Слова были брошены Иваном резко в лицо, визгливым до неприятия голосом так, что Анна не сразу поняла о ком идёт речь.
- Причём тут Андрей? Я не хочу, чтобы ты разговаривал со мной в таком тоне. Ты и так создал странную ситуацию. Нужно было выбирать с кем ехать. Со мной или с Ниной. Ещё не поздно, я могу сойти на берег!
Анна резко встала. На глазах навернулись слезы. Это повторялось уже не раз. В такие моменты хотелось все бросить и уйти.
- Ты не выносим! Твоя ревность не имеет пределов. Каждый столб - это причина твоих ревнивых скандалов. Мы говорили с тобой на эту тему и не раз. Я не хочу…
- Анна, - Иван Николаевич резко вырвал из ее рук куртку, которую она взяла, - никуда ты не пойдёшь. Я был не прав. Куда я без тебя? Ну прости. Я же люблю тебя. Вытри слезы. Как ты пойдёшь такая? - он начал вытирать ладонью дорожки от слез, - я обещаю тебе, больше так не будет.
- Ты уже обещал, - устало проговорила Анна.
Иван попытался заглянуть ей в глаза, но Анне упорно не хотелось на него смотреть.
- Только скажи. Честно признайся, ты ведь правда знакома с этим?
В кают-компании, развалившись на отделанном орехом диване, сидел Виноградов. В тонкой рубашке, без пиджака с расстёгнутым воротом и помятых льняных брюках он напоминал персонажи Ильинского из старых фильмов. Не хватало только мятой парусиновой кепки. Анна мысленно дорисовала картину.
- Анна! - Виноградов грузно повернулся и властно прихлопнул ладонью по коже дивана, - присаживайтесь рядом!
- Спасибо, но сначала я принесу что-нибудь пить. И, Виктор Петрович, настоятельно рекомендую, отбросьте дела, - она кивнула на пачку газет, лежащих перед Виноградовым на прозрачном столике, - сегодня мы отдыха-а-а-ем… - слегка растягивая последнюю гласную, она направилась к бару.
Анну озадачил фамильярный жест Виноградова, но она тут же мысленно себя одёрнула, - "вода, яхта, мужчины и женщины, флирт - пора расслабиться, я скоро совсем "синим чулком" стану…"
Она не могла видеть, как Виноградов скользнул заинтересованным взглядом по ее стройной фигуре. Но этот жест уловил Иван. Его царапнуло. Не хищный взгляд Виноградова. Как раз это-то вызвало у него чувство самодовольства владельца "сокровища", - как он мысленно назвал Анну. Но он был озадачен той рассеянной мягкой улыбкой, с которой она выходила из кают-компании.

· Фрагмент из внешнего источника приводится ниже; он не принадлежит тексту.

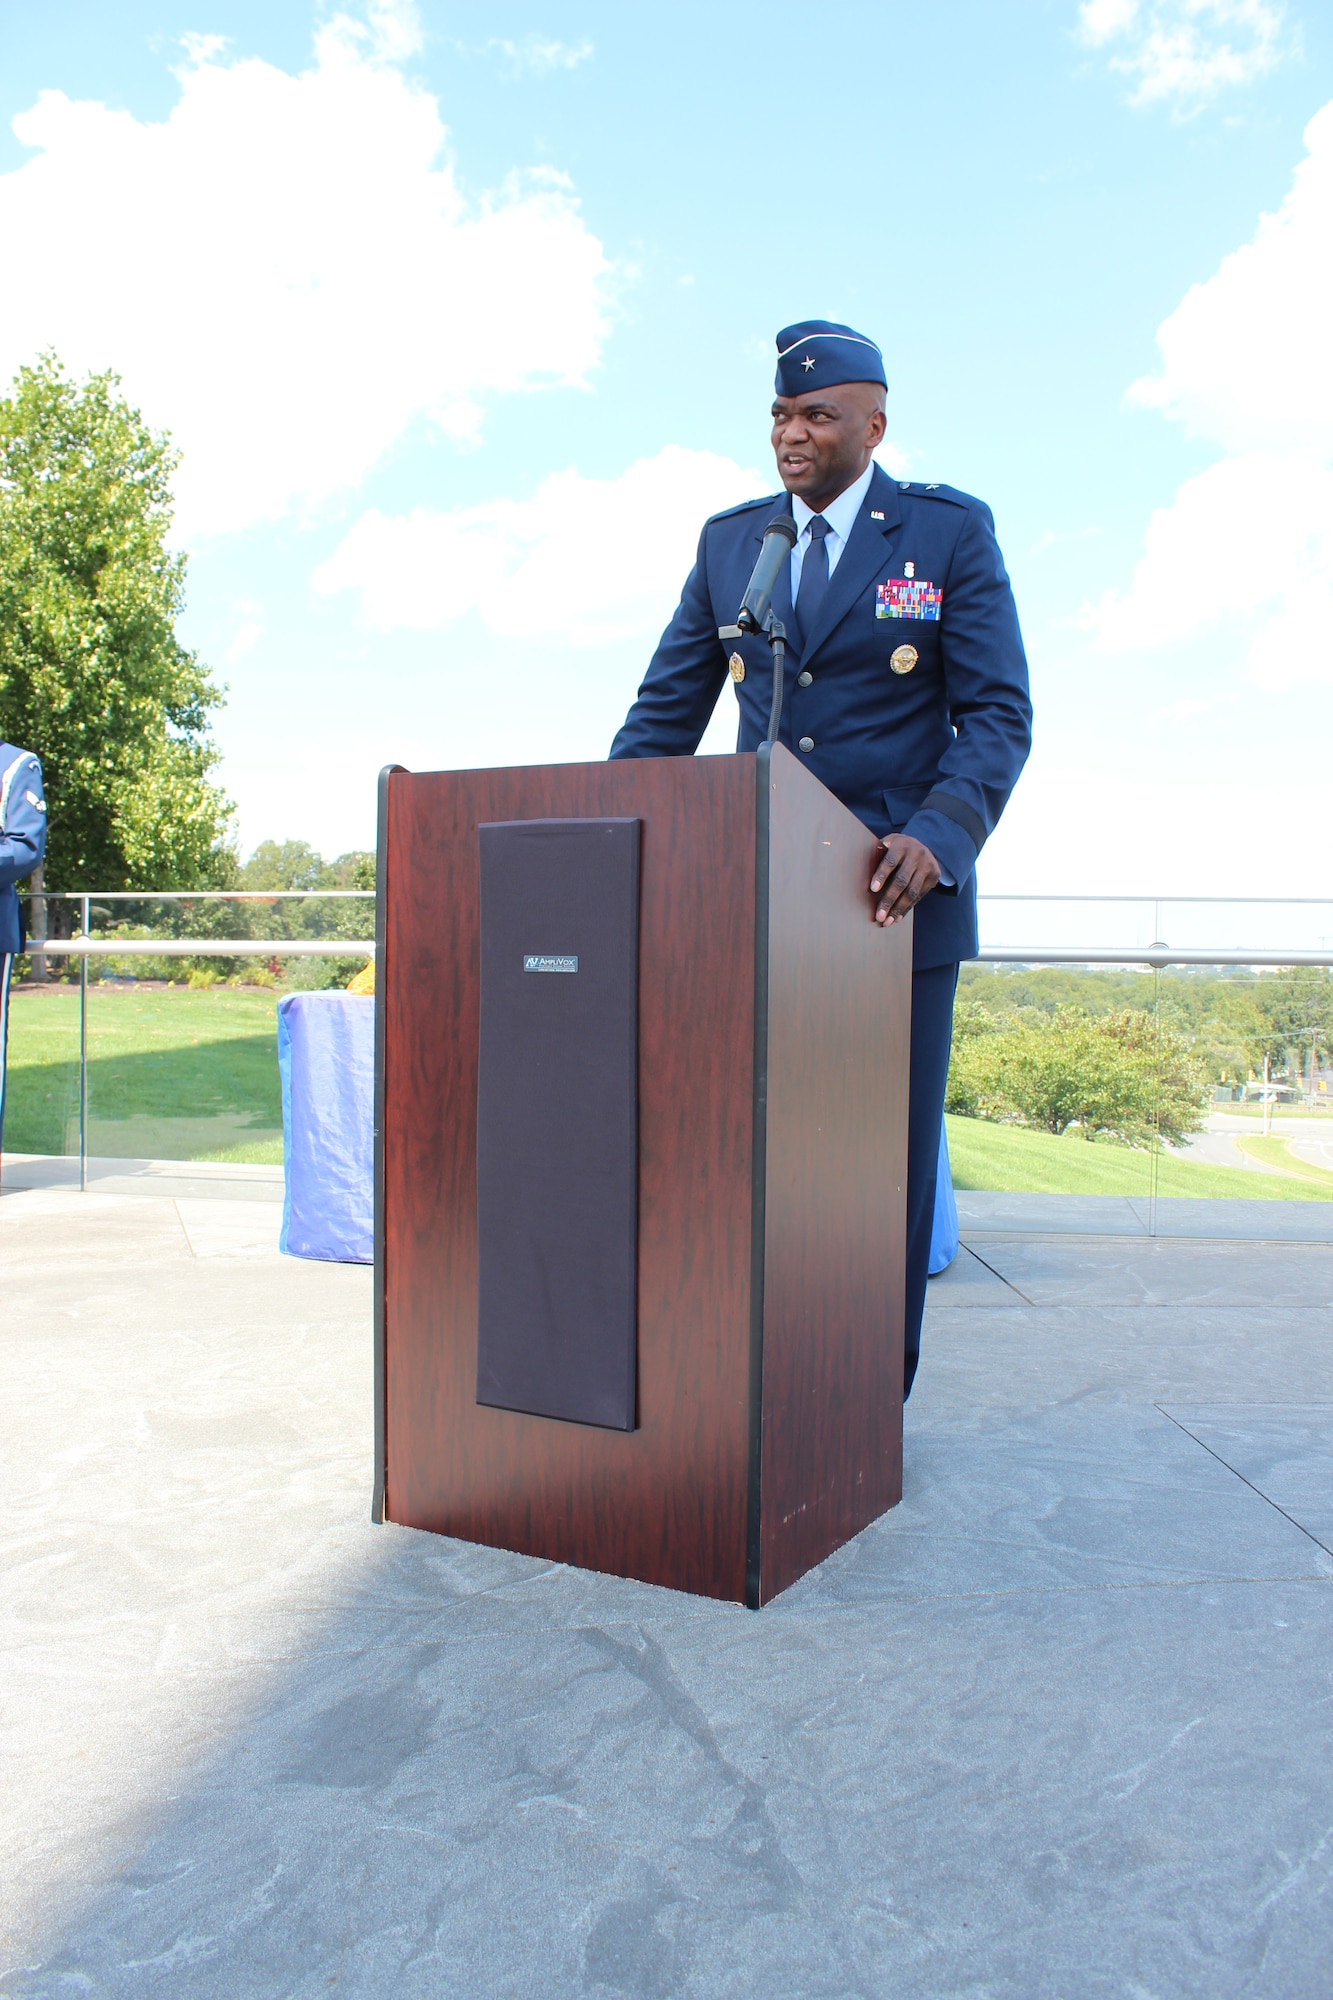 Image of an Airman talking at a podium.

Из шезлонга с кормы пантомиму наблюдал Алексей. Прозрачные двери отгораживали его от происходящего. О чем говорили ему было не слышно. Он с удовольствием домыслил диалог отца и Анны. По выражению ее лица он догадался, что жест Виноградова Анну задел. Но ещё более его рассмешила реакция Ивана. - "Да он ревнив! Ещё бы. Такую женщину нужно беречь от любопытных вроде моего отца". Алексей прикрыл глаза от раздражающих бликов, рассыпанных по воде. Растомило.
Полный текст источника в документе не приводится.